Single by hide

from the album Hide Your Face
- Released: August 5, 1993
- Genre: Alternative rock, hard rock
- Label: MCA Victor
- Songwriters: Yukinojo Mori, hide

Hide singles chronology
| "Eyes Love You" (1993) | "50% & 50%" (1993) | "Dice" (1994) |

= 50% & 50% =

"50% & 50%" is the second single by Japanese musician hide, released on August 5, 1993. It reached number 6 on the Oricon chart. His first single "Eyes Love You" was released on the same day. Both singles' covers are identical except; "50% & 50%" is red, whereas "Eyes Love You" is green. They form a 3D picture when they are placed side by side. It was certified gold upon release by RIAJ.

The single was re-released on December 12, 2007, with a new cover. On April 28, 2010, it was re-released again as part of the first releases in "The Devolution Project", which was a release of hide's original eleven singles on picture disc vinyl.

==Background==
hide embarked on a solo career in 1993 due to the downtime in X Japan. Initially wanting to hire several different vocalists because he was unsure of his own voice, he eventually began taking vocal lessons from Toshi's coach and sang the material himself.

Wanting to contrast something unusual with a pop background, hide hired Yukinojo Mori to pen the lyrics to his first two A-sides. As a kid, hide was fond of Bow Wow's 1982 album Warning from Stardust, where the A-side songs had lyrics in English and the B-side in Japanese. Liking the Japanese lyrics better, hide only realized Mori was their author afterwards. "50% & 50%" was written after the A-side and B-side on "Eyes Love You"

An acoustic rendition of the song, referred to as "50% & 50% (Crystal Lake Version)", appears on hide's first studio album Hide Your Face.
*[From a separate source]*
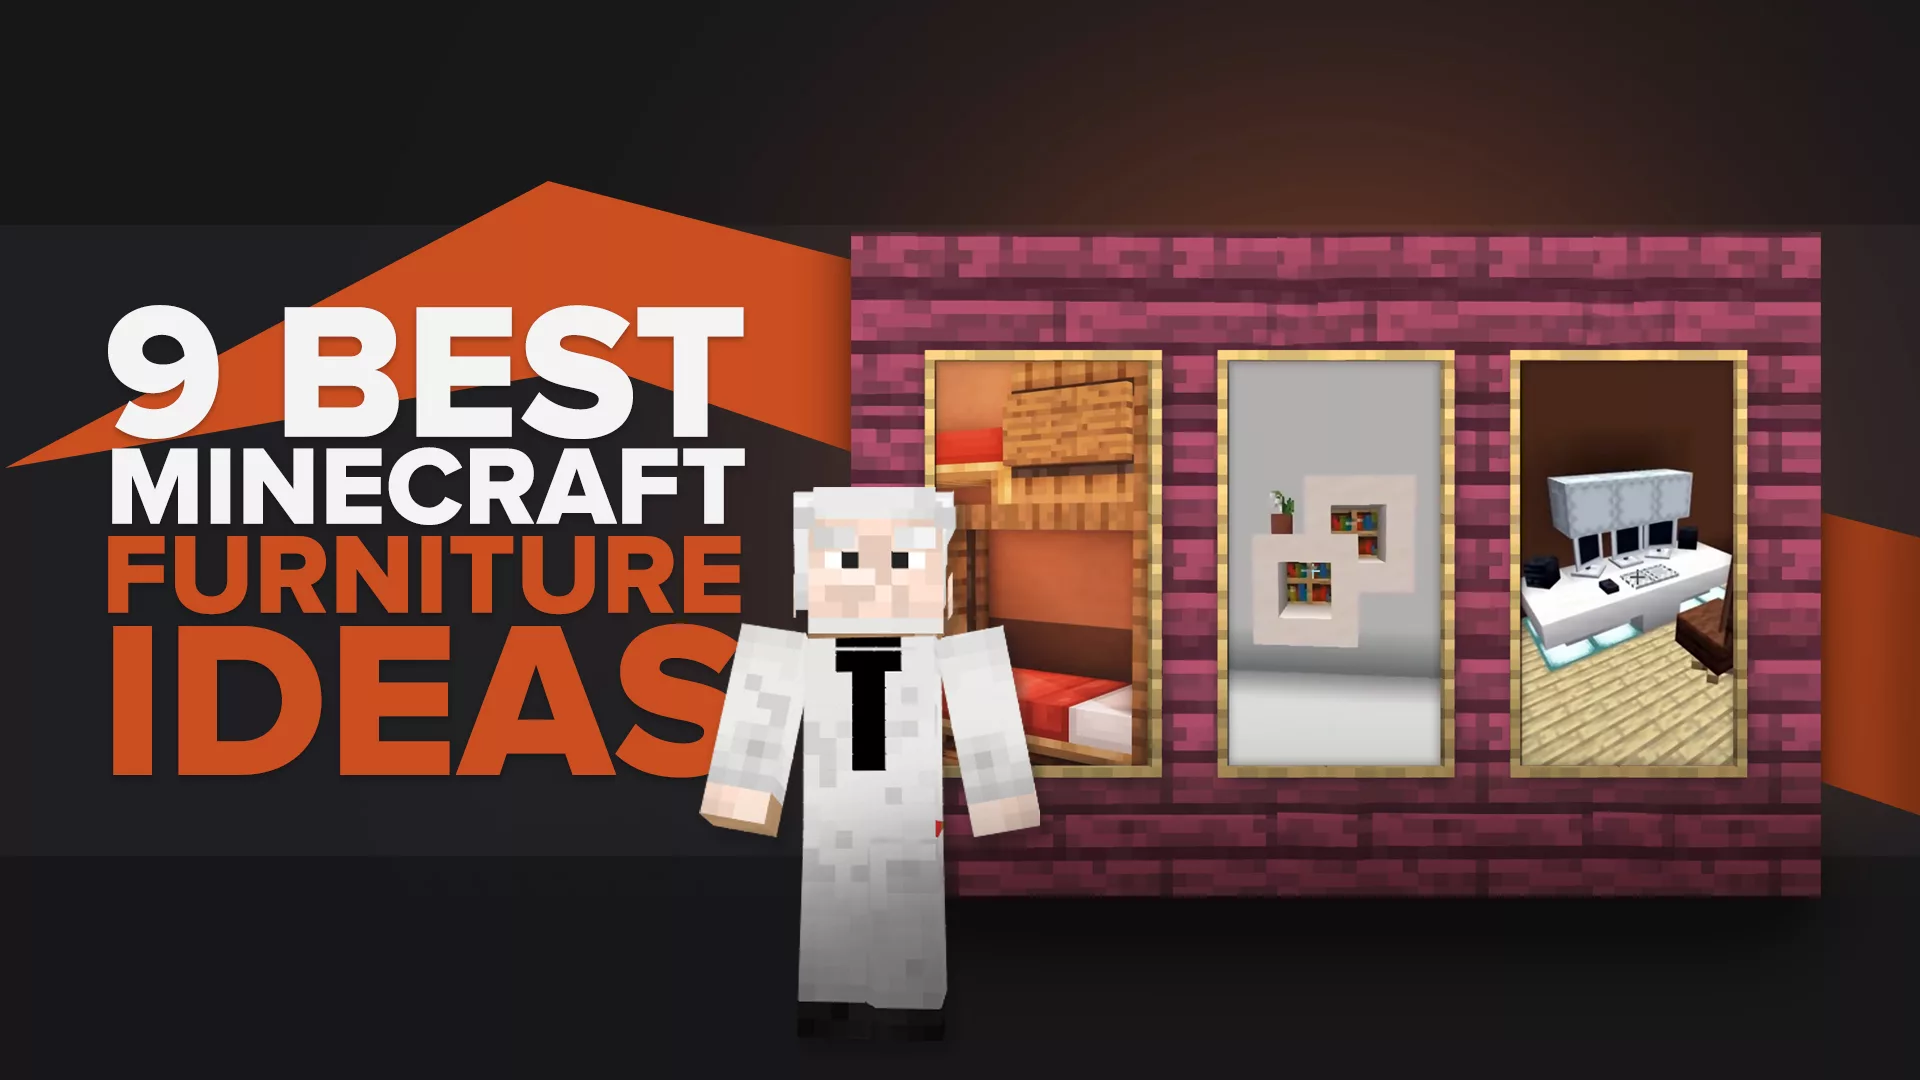 9 Best Minecraft Furniture Ideas

In a promotional video for "Doubt", hide is backed by his future Spread Beaver bandmate I.N.A. and Jennifer Finch and Demetra "Dee" Plakas of American all-girl grunge band L7.

==Track listing==

| No. | Title | Lyrics | Music | Length |
|---|---|---|---|---|
| 1. | "50% & 50%" | Yukinojo Mori | hide | 4:41 |
| 2. | "Doubt" | hide | hide | 4:46 |

==Cover versions==
hide's latter band Zilch recorded an English version of "Doubt" for their 1998 album 3.2.1.. The song was then covered by Buck-Tick on the 1999 hide tribute album Tribute Spirits, they have performed the cover live at their concerts. It was also covered live by the Underneath at the hide memorial summit on May 4, 2008. defspiral, which is composed of four of the five former members of the Underneath, covered it for their hide tribute maxi single "Reply -Tribute to hide-" in 2011. The title track was covered by Mix Speaker's,Inc. on the Tribute II -Visual Spirits- tribute album, while "Doubt" was covered by Machine (duo of Spread Beaver's Kiyoshi and Penicillin's Hakuei) on it and by D=Out on Tribute III -Visual Spirits-, both albums were released on July 3, 2013. For Tribute VII -Rock Spirits-, released on December 18, 2013, "Doubt" was covered by The Novembers. "Doubt" was covered by Hisashi and Yow-Row (Gari) for the June 6, 2018 Tribute Impulse album.